Extracted entries below:

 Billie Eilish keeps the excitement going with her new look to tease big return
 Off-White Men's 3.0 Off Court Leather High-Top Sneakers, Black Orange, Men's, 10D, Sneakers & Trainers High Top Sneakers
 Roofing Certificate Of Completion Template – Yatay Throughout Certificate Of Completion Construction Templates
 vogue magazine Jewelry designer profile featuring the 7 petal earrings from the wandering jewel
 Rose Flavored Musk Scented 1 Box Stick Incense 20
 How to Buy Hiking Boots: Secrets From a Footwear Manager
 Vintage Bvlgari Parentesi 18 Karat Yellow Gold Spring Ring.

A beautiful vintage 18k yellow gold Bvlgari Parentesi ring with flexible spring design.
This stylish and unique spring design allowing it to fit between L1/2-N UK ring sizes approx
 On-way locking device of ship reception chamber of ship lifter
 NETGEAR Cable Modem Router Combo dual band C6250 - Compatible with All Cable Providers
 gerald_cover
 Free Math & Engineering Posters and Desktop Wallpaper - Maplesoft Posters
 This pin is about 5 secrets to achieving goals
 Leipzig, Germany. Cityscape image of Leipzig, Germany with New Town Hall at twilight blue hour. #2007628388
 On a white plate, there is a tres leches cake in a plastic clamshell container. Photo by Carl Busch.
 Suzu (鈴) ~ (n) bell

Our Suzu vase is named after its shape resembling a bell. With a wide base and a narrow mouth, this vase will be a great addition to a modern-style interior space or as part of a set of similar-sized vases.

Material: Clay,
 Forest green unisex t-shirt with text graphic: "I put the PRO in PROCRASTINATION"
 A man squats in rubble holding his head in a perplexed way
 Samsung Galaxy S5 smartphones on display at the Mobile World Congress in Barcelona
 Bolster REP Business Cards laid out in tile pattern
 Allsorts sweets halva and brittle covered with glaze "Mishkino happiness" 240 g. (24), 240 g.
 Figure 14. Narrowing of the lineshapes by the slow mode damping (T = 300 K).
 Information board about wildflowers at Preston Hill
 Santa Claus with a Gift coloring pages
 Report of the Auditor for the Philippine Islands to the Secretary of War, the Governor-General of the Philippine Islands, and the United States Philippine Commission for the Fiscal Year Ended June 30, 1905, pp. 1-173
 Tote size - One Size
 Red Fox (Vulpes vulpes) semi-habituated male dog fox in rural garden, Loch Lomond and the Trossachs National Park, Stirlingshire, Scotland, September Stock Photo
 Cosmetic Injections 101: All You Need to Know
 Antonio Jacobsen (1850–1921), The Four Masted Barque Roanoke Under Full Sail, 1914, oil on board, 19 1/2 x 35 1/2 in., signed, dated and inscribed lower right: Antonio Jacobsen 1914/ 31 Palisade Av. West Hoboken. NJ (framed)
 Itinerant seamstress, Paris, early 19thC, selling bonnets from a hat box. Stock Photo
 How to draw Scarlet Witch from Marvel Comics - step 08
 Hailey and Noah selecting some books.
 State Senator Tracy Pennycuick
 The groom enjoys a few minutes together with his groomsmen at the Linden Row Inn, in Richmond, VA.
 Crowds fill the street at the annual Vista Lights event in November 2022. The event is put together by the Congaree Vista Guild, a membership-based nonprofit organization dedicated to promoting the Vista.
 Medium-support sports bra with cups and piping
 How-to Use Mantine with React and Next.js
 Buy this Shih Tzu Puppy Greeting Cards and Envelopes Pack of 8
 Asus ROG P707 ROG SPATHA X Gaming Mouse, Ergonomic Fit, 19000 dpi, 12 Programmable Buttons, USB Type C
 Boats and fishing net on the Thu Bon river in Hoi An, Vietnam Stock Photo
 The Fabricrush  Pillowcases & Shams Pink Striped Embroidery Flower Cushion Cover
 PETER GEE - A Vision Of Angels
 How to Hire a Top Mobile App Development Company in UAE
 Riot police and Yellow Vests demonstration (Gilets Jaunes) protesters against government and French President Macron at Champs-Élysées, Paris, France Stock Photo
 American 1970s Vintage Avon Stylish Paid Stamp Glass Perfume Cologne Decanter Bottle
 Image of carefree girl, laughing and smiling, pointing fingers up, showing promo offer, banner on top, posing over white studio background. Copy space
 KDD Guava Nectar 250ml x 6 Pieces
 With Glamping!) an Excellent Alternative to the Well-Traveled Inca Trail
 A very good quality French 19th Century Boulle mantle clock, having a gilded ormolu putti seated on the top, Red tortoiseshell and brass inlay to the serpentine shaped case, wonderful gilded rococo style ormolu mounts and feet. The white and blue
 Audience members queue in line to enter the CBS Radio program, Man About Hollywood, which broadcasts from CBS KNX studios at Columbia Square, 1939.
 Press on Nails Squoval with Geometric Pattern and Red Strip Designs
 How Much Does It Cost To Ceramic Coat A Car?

End of Extracted entries.

### What you need to do
Out of the data above, transcribe exactly and only the lines starting with the line that has "How-to Use Mantine with React and Next.js" and going on through the line that has "Asus ROG P707", both included.

### The answer
 How-to Use Mantine with React and Next.js
 Buy this Shih Tzu Puppy Greeting Cards and Envelopes Pack of 8
 Asus ROG P707 ROG SPATHA X Gaming Mouse, Ergonomic Fit, 19000 dpi, 12 Programmable Buttons, USB Type C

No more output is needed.